In article <5763@amdahl.UUCP> chuck@amdahl.UUCP (Charles Simmons) writes:
>In article <448@cpocd2.UUCP> howard@cpocd2.UUCP (Howard A. Landman) writes:
>>In article <4376@columbia.UUCP> eppstein@tom.columbia.edu (David Eppstein) writes:
>>>[David implies that an interrupt requires a complete context switch
>>>of writing all active windows to memory and reloading them after
>>>handling the interrupt]
>>
>>[Howard points out that for an interrupt, the operating system code
>>that handles the interrupt can promise not to trash active windows,
>>and continue to use the existing stack.  He also points out that
>>context switches between user processes occur relatively infrequently
>>and thus the overhead of writing out all active windows and reading in
>>new windows on a context switch is not important.]
>
>I agree with this, so I'm going to change the subject slightly.  Lately
>I've been thinking about operating systems which would perform a complete
>context switch on every interrupt.  In particular, code for handling
>interrupts would run in a restricted environment (ie user mode) where 
>their ability to accidentally trash other interrupt handlers, the operating 
>system, and device drivers would be minimized.
>
>My biggest problem with this concept is that context switching, even
>on a machine with "only" 16 registers is extremely expensive.
>I'd be interested in hearing about architechtures that minimize the
>expense of a context switch.
> 
Actually, if you have a fast, pipelined memory interface, it is not so
expensive after all to save the complete context automatically.  CDC
and Cray have been doing various forms of this for many years.  On the
CDC 6000/7000 and Cyber 70 and 170 machines this is known as "exchange
jump".  The Cyber 205 actually swaps 256 registers in less than 200 
CPU cycles (not to be confused with the longer memory cycles).  It can
do this because of the way the memory interface is structured.  It may
look "expensive", but simplifies register management so much that it
is actually cheap.  On the Cray-1 type machines, this automatic
exchange jump feature includes only the small register sets, not the
vector registers, because of the expense of saving 8 vector registers.
So, the complexity of having to have operating system kernel code 
become aware of the state of vector registers and who they belong to
is reintroduced.  Anyway, automatic context saving is not pie in the
sky.  It works well and probably provides a net performance/price
improvement on machines which are going to have a fast, pipelined
memory interface anyway; many machines intended for engineering/
scientific/floating point intensive use DO, and more SHOULD.




  Hugh LaMaster, m/s 233-9,  UUCP {seismo,topaz,lll-crg}!ames!pioneer!lamaster 
  NASA Ames Research Center  ARPA lamaster@ames-pioneer.arpa
  Moffett Field, CA 94035    ARPA lamaster@pioneer.arc.nasa.gov
  Phone:  (415)694-6117      ARPA lamaster@ames.arc.nasa.gov

"In order to promise genuine progress, the acronym RISC should stand 
for REGULAR (not reduced) instruction set computer." - Wirth

("Any opinions expressed herein are solely the responsibility of the
author and do not represent the opinions of NASA or the U.S. Government")

rdt@houxv.UUCP (03/02/87)

> 
> Actually, if you have a fast, pipelined memory interface, it is not so
> expensive after all to save the complete context automatically.  CDC
> and Cray have been doing various forms of this for many years.  
> CDC 6000/7000 and Cyber 70 and 170 machines this is known as "exchange
> jump".  The Cyber 205 actually swaps 256 registers in less than 200 
> CPU cycles (not to be confused with the longer memory cycles).  It can
> do this because of the way the memory interface is structured.  It may
> look "expensive", but simplifies register management so much that it
> is actually cheap.
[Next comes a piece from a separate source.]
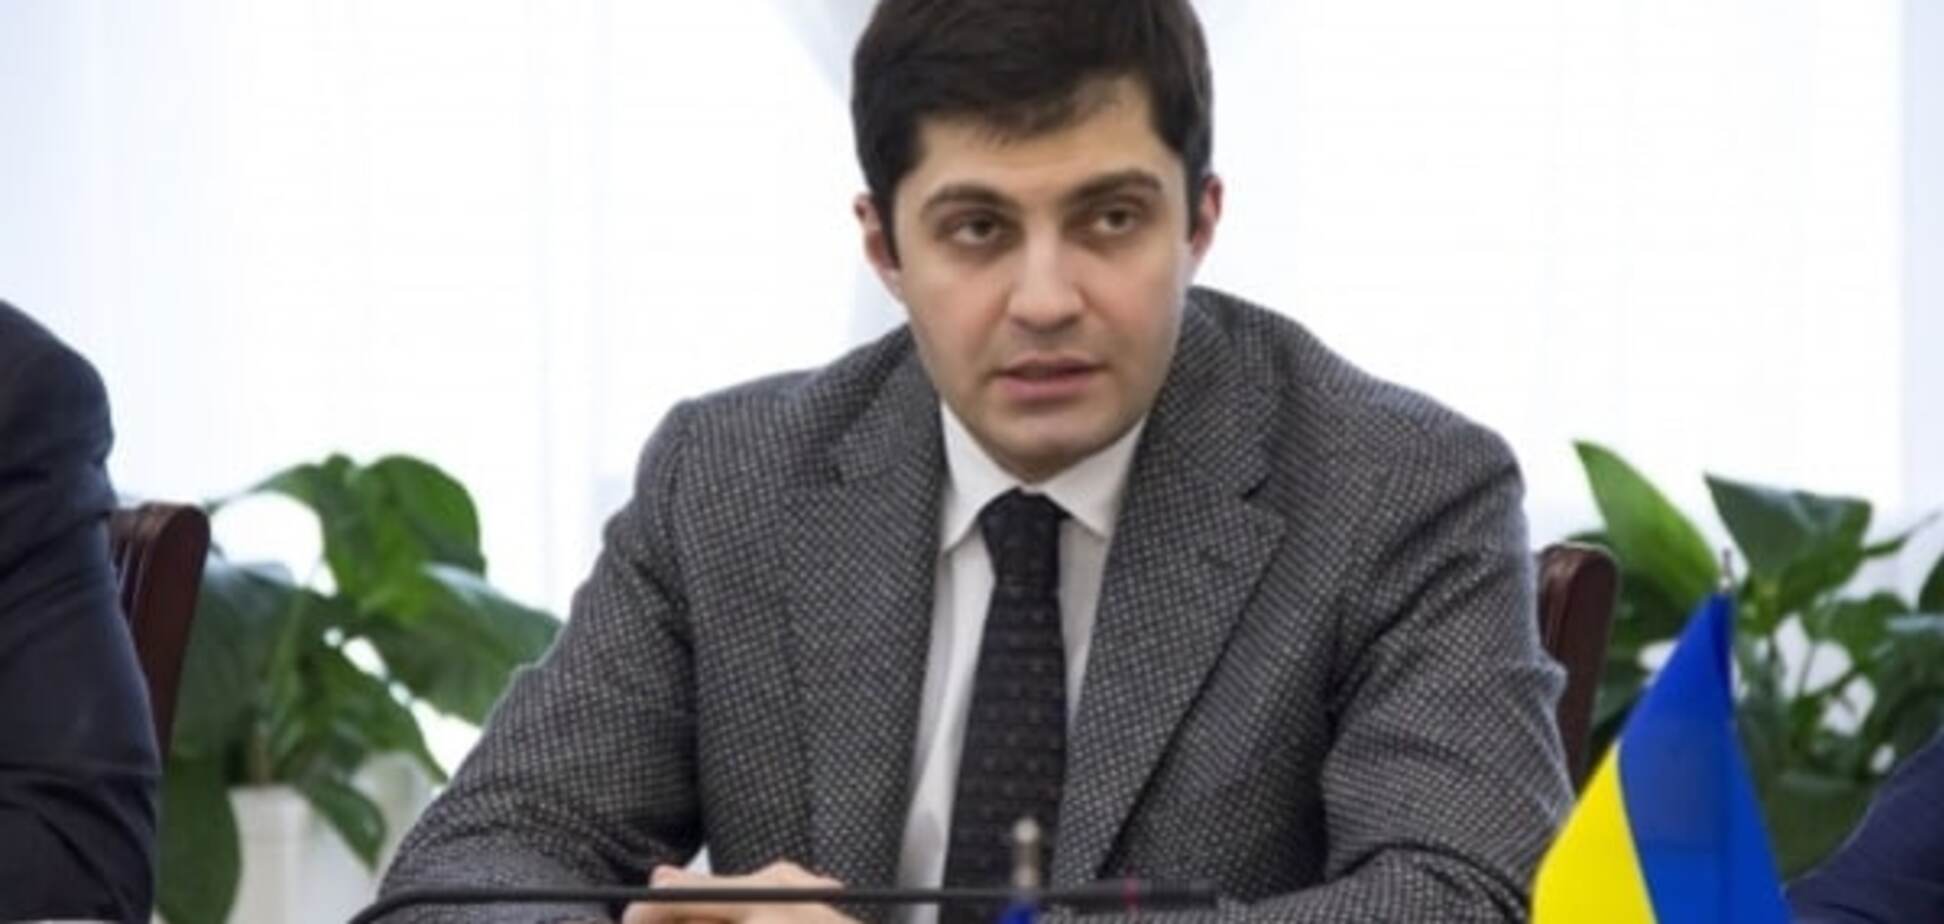 Сакварелидзе пояснил, почему на антикоррупционном форуме не было Яценюка

It works well and probably provides a net 
> performance/price improvement on machines which are going to have a 
> fast, pipelined memory interface anyway

 	Could anyone share with us how the CPU hardware and operating
	system coordinate their response to a faulted copyback midway
	thru an exchange jump?

	Let 16 registers be copied back to memory (actually stack in
	main memory) and a fault occurs at register copyback in word
	5 of the 16 total. Consider 2 cases of fault:  fault due to a
	page not present (stack overflow) and fault due to a memory
	parity error. 

	I assume the os must immediately respond to the fault by moving
        the registers out to a temporary safe area of memory before 
	switching to the new process. (Recall that part of the old
	process context still resides in the shared registers)

	How does the hardware differentiate this kind of fault from
	non-context switch memory faults when calling the OS fault
	handler? How does the hardware get the base address of
	the temporary safe area? What happens if the copy to the
	safe area faults as well?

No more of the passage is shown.